The fact that most of the master plans are made by Westerners could be a causal factor for the discrepancies (Abulibdeh & Zaidah, 2021). Such discrepancies stem from developmental plans that reflect an Orientalist approach—a lack of understanding and appreciation regarding the historical transnational nature of the Gulf region—in making any such sustainable plan feasible. This is a gap in the existing pool of knowledge. Development policies are expected to be designed for the creation of resilient, inclusive, safe, and sustainable cities. The lack of affordable schools in Qatar, despite having such a large second-generation migrant population, reveals shortfalls in planning. An orientalist approach, which lacks appreciation of the historical transnational nature of the Gulf region, toward development policies will fail to capture the true essence and dimensionality of the region. Thus, leaving shortfalls in the creation of modern cities in the Gulf.

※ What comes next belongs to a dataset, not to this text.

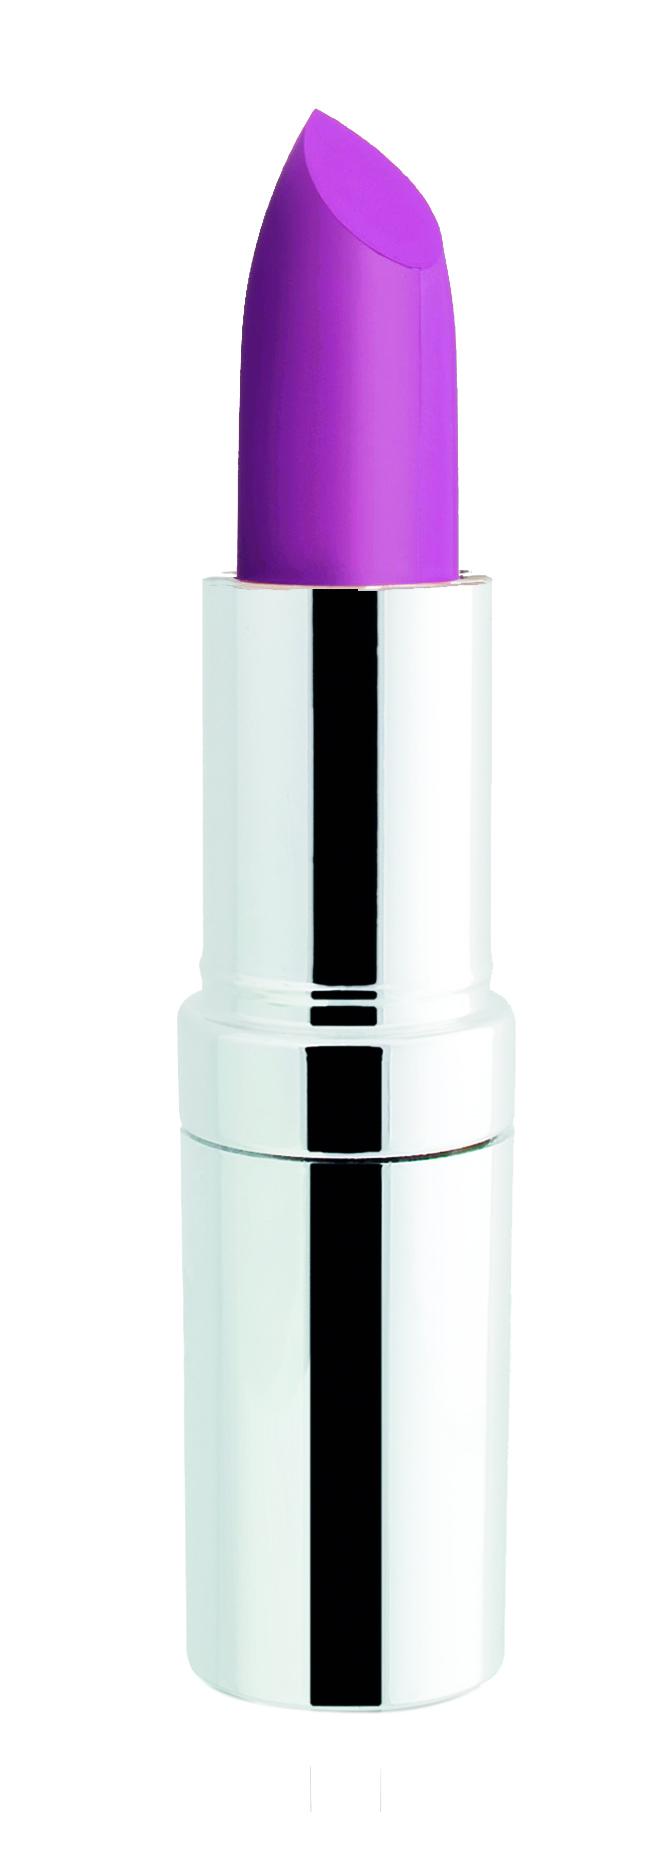 SEVENTEEN Помада губная устойчивая матовая SPF 15, 33 красный цикламен / Matte Lasting Lipstick 5 г

3 The Gulf’s Transnational Dimension: The Role of Tujjar

The Gulf is the heart of modern trade and has been at the crossroads of religions, global trade, and cultures, historically. Allen James has provided substantial contributions to the history of Gulf cosmopolitanism by analyzing trans-cultural encounters. He concentrates on the role of change in society, culture, trade, and religion. His thesis is an appraisal of the Gulf as a catalyst for global encounters.

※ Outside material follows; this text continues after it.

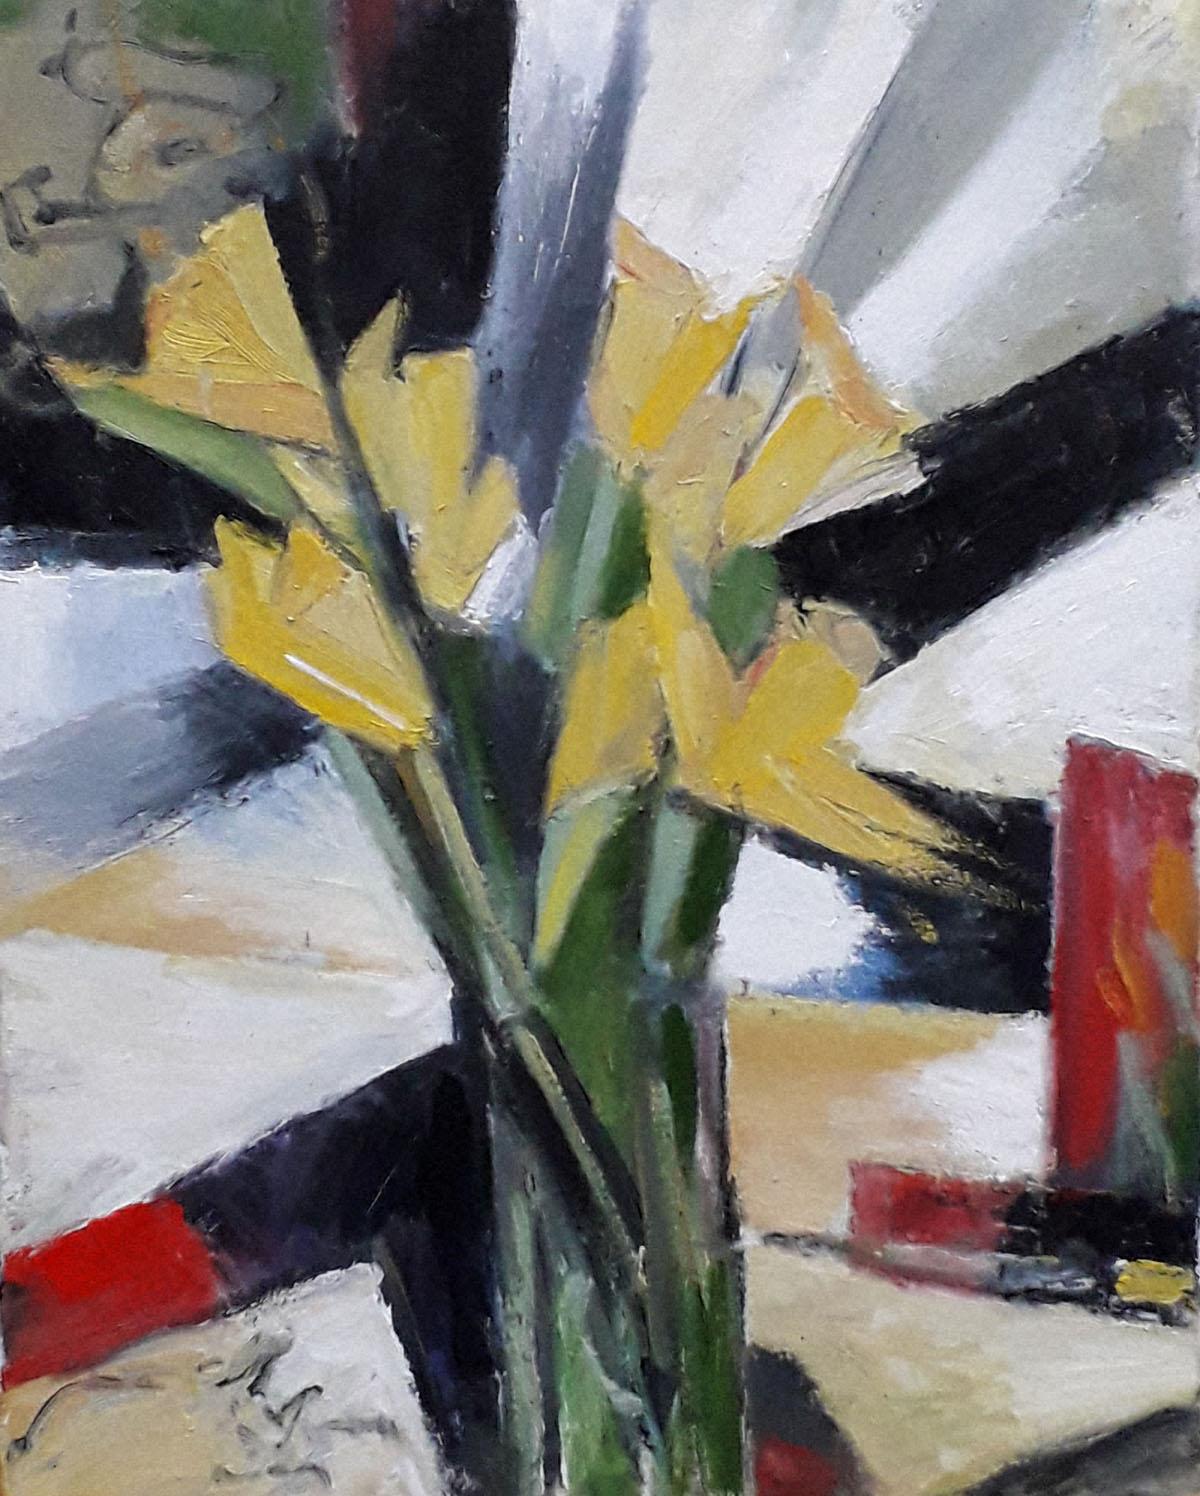 Arien Winkel - kubisme revisited - gele tulpen appel en kat_s

Despite overwhelming evidence regarding the Gulf’s cosmopolitan nature since before the advent of oil, many scholars from the West display an attitude that the history of the GCC region is merely seventy to a hundred years old. This is a folly. The Gulf’s long-standing transnational nature and existence as a global space with a high degree of dimensionality is a cornerstone in understanding and formulating city concepts in the region. The Gulf was never completely Persian, Arab, African, or Indian. But, with the politicization of national identities in the 1970s and 80s, multiculturalism and transnationalism are being underplayed. Before this, transnational elite culture was celebrated. People did not have to Arabize to gain acceptance or influence in society.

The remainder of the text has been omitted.